What the task requires:
Every entry that follows should be output exactly, and every image in it left out.
------ Given data ------
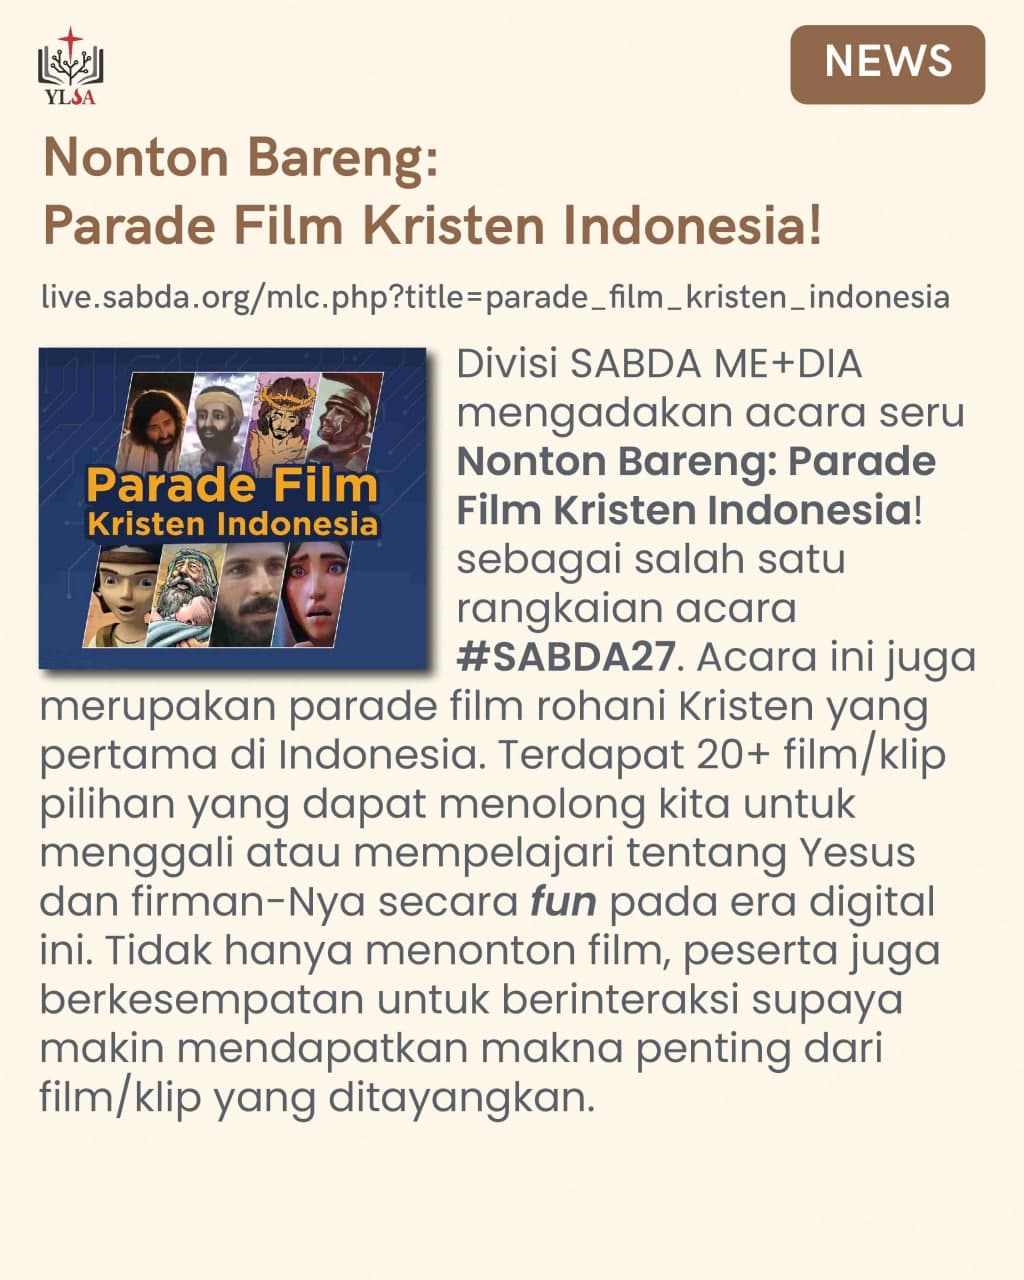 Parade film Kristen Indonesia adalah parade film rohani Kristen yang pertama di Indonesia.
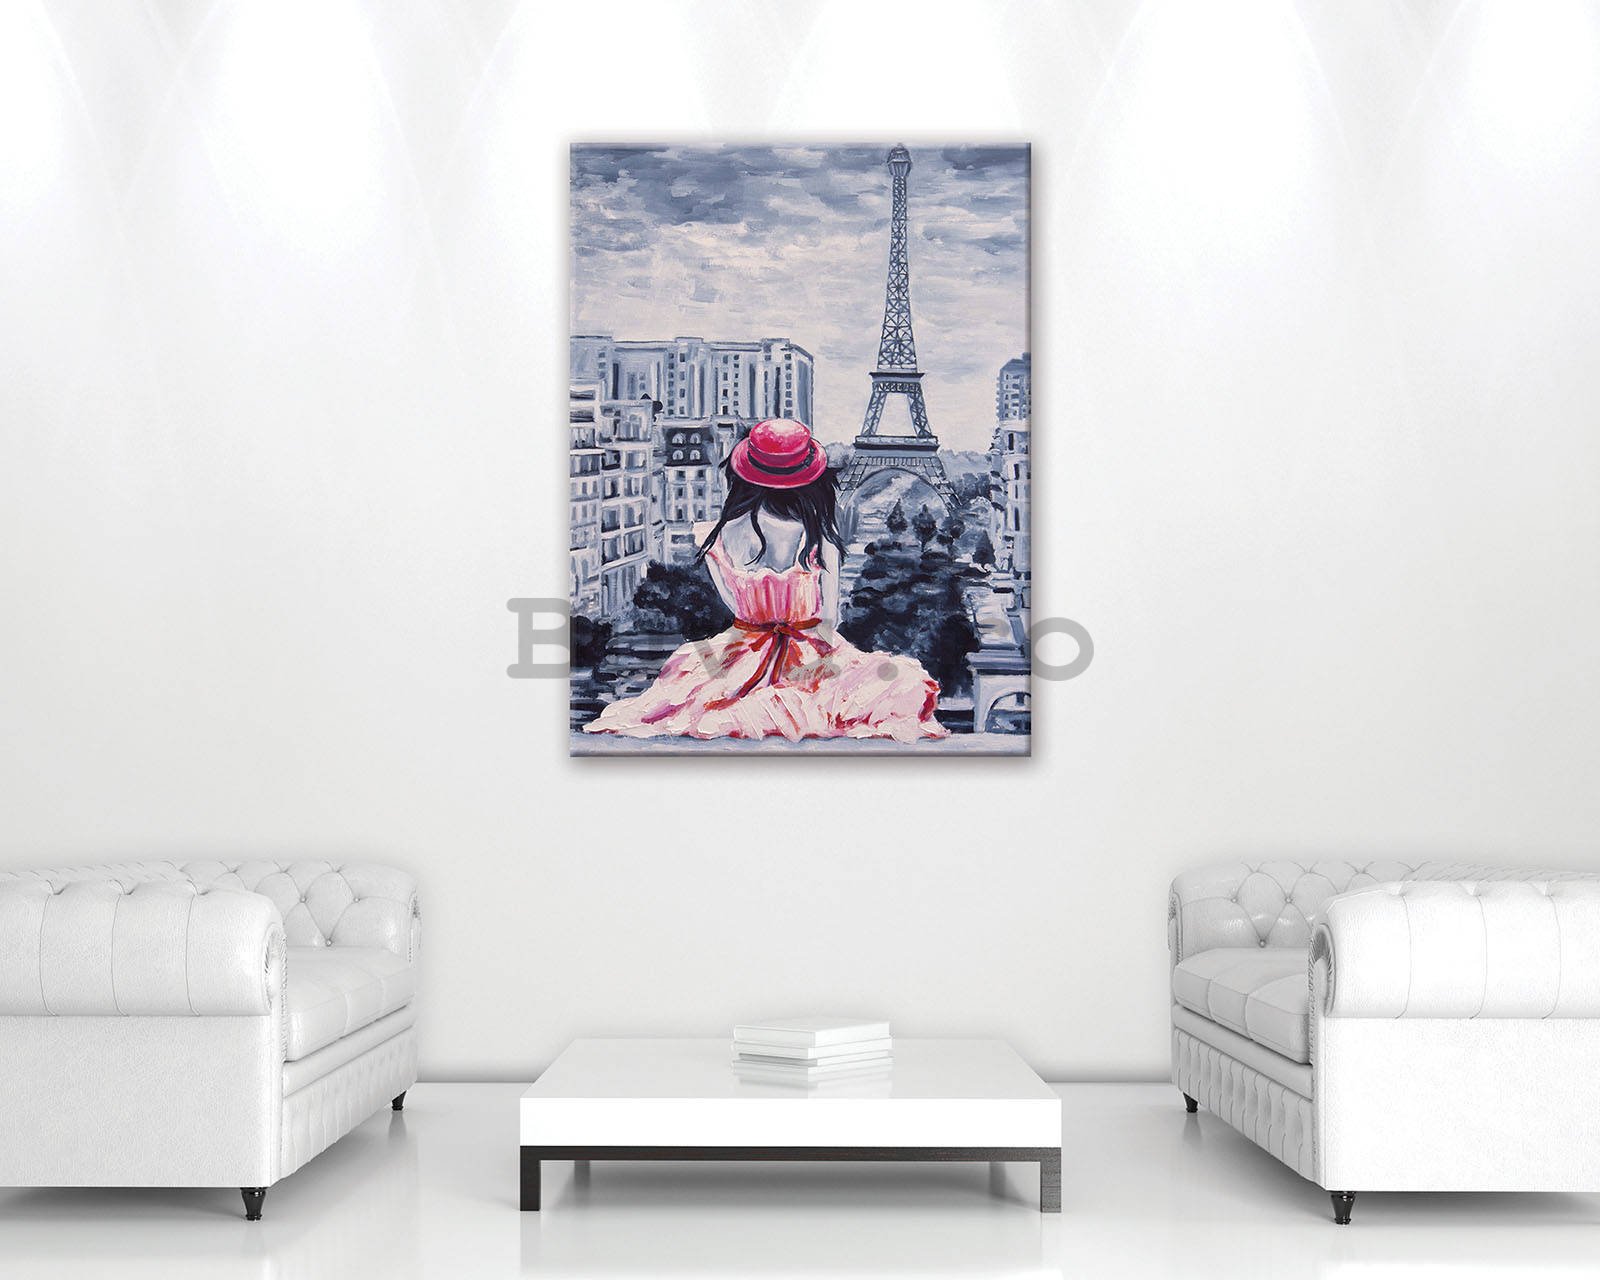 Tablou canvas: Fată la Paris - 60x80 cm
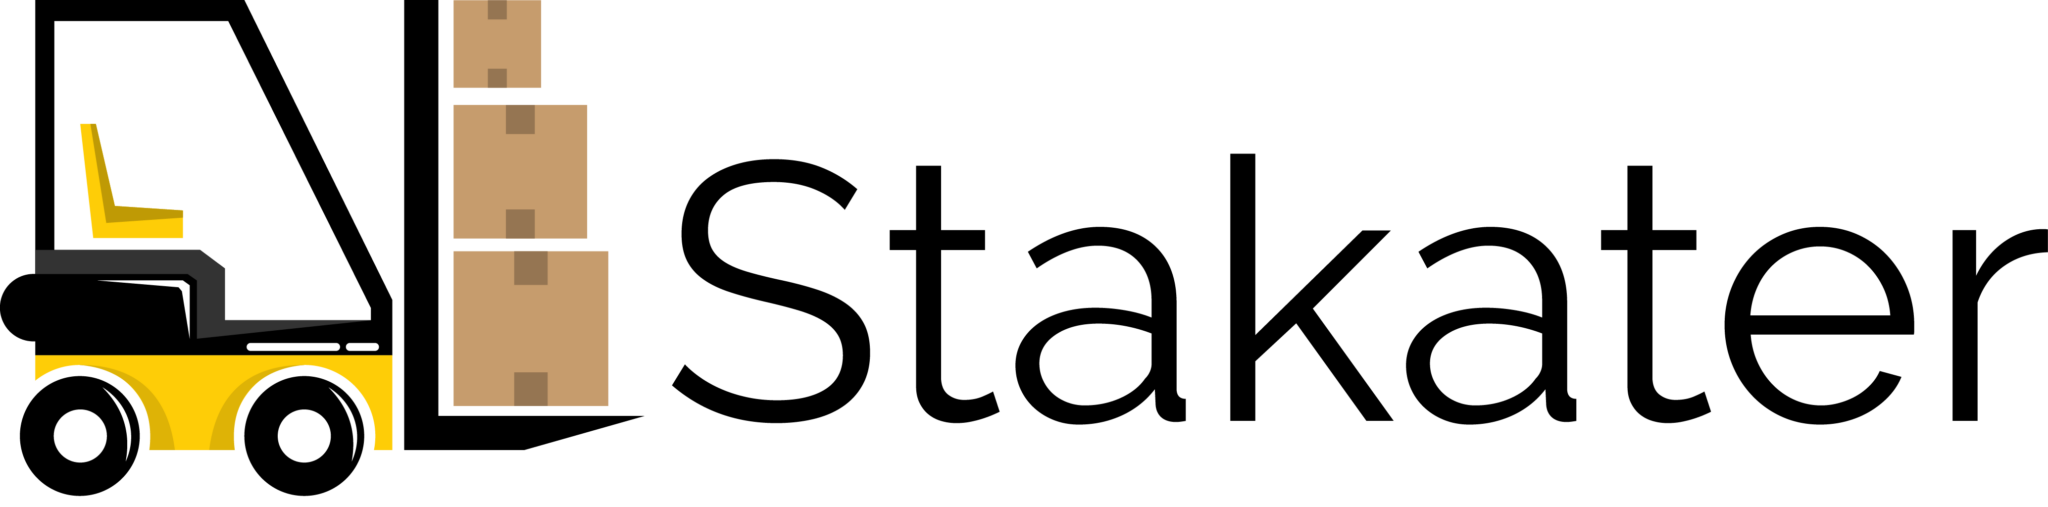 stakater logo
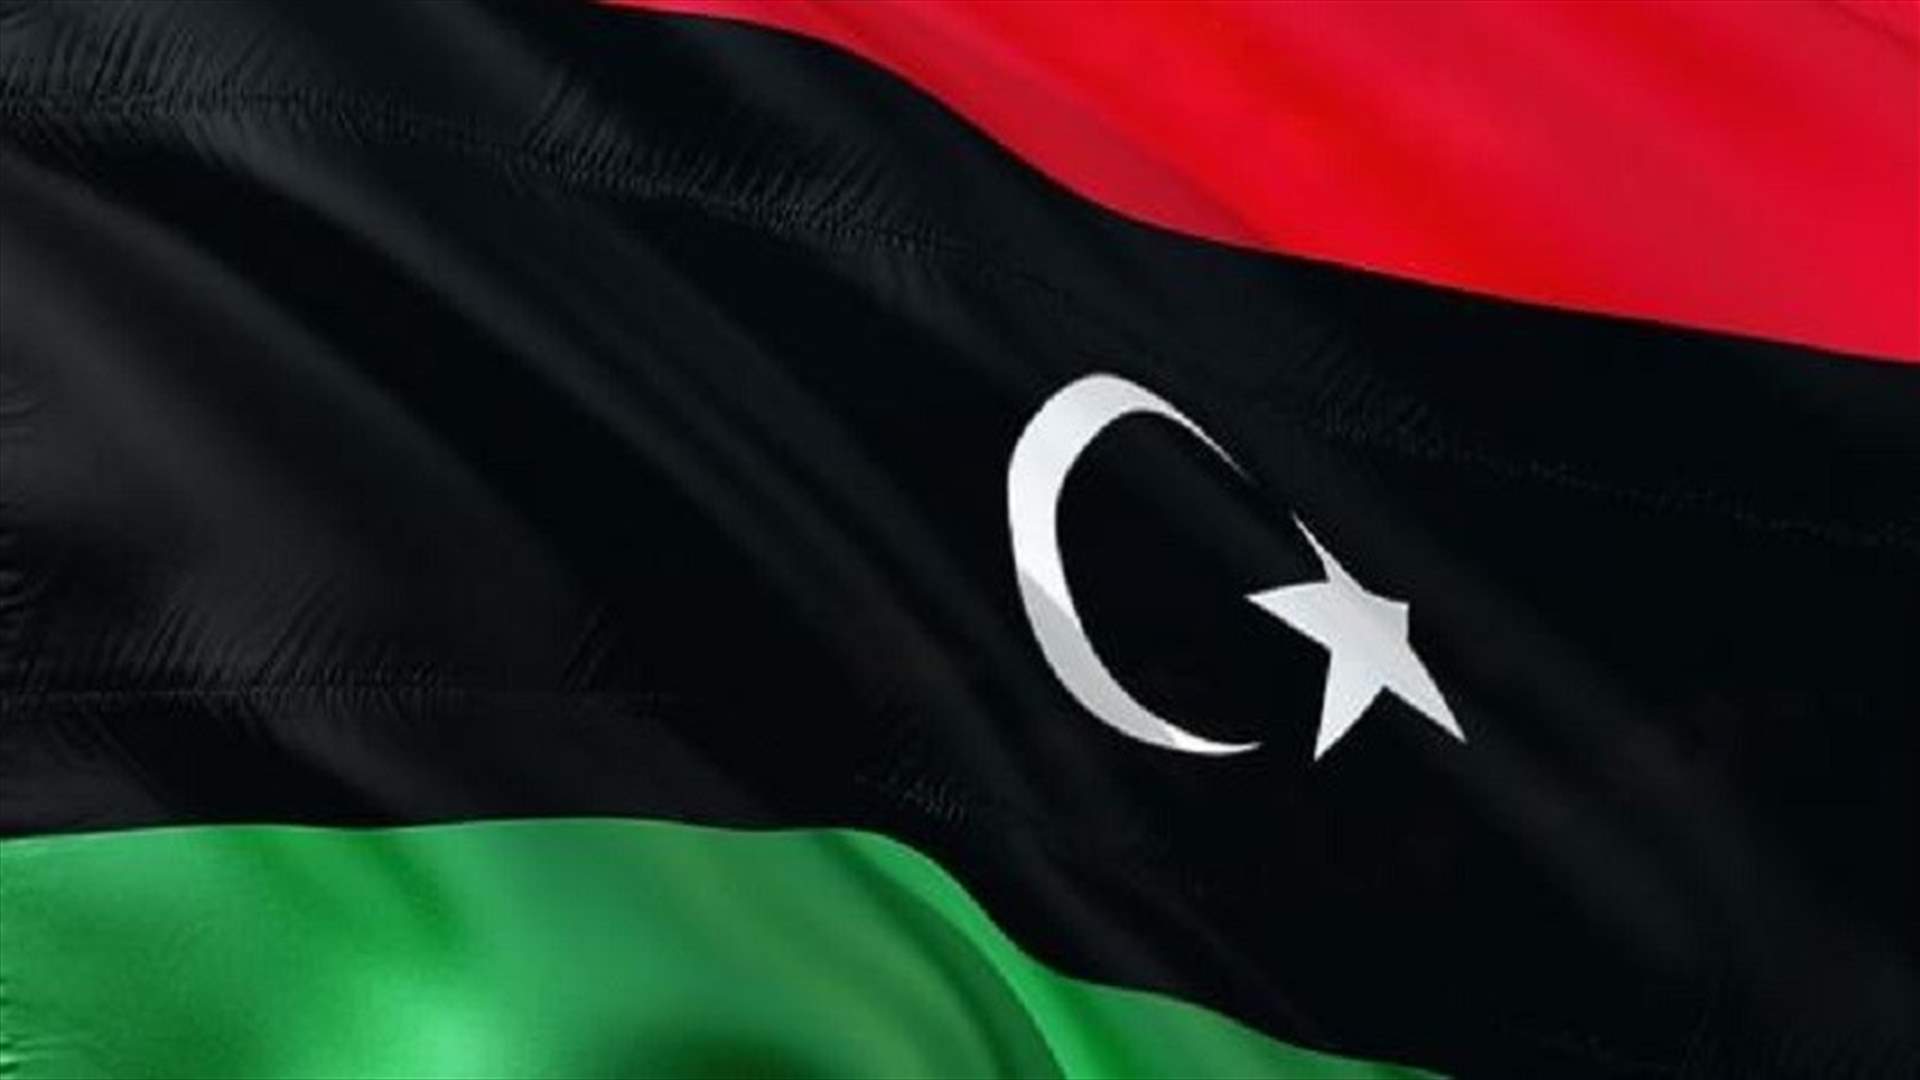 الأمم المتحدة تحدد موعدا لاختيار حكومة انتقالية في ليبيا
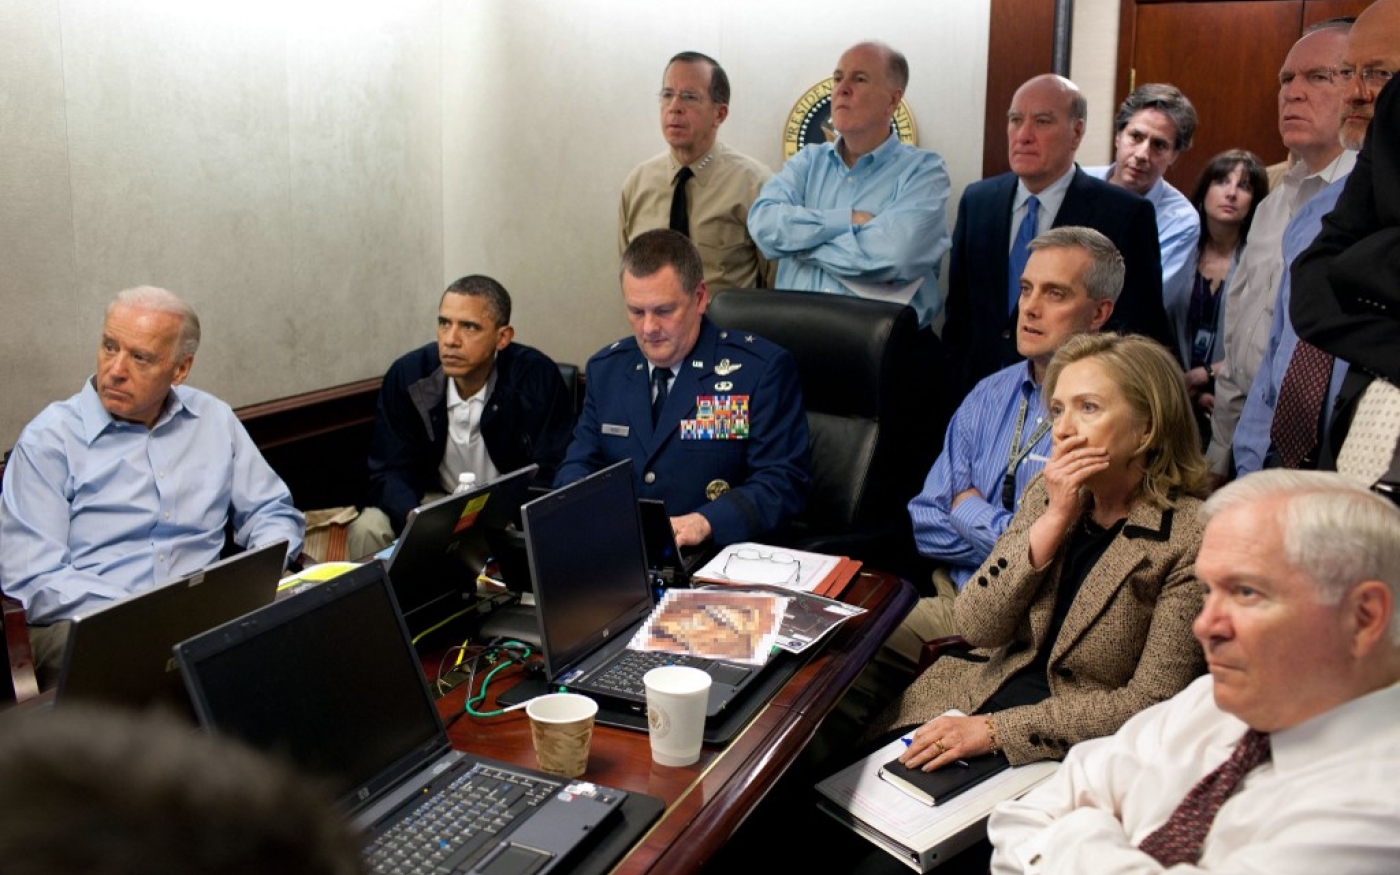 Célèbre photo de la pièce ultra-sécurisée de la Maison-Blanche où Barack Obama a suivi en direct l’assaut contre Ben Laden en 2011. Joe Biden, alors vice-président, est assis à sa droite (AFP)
------
Solved exercise:
 Parade film Kristen Indonesia adalah parade film rohani Kristen yang pertama di Indonesia.
 Tablou canvas: Fată la Paris - 60x80 cm
 stakater logo
 الأمم المتحدة تحدد موعدا لاختيار حكومة انتقالية في ليبيا
 Célèbre photo de la pièce ultra-sécurisée de la Maison-Blanche où Barack Obama a suivi en direct l’assaut contre Ben Laden en 2011. Joe Biden, alors vice-président, est assis à sa droite (AFP)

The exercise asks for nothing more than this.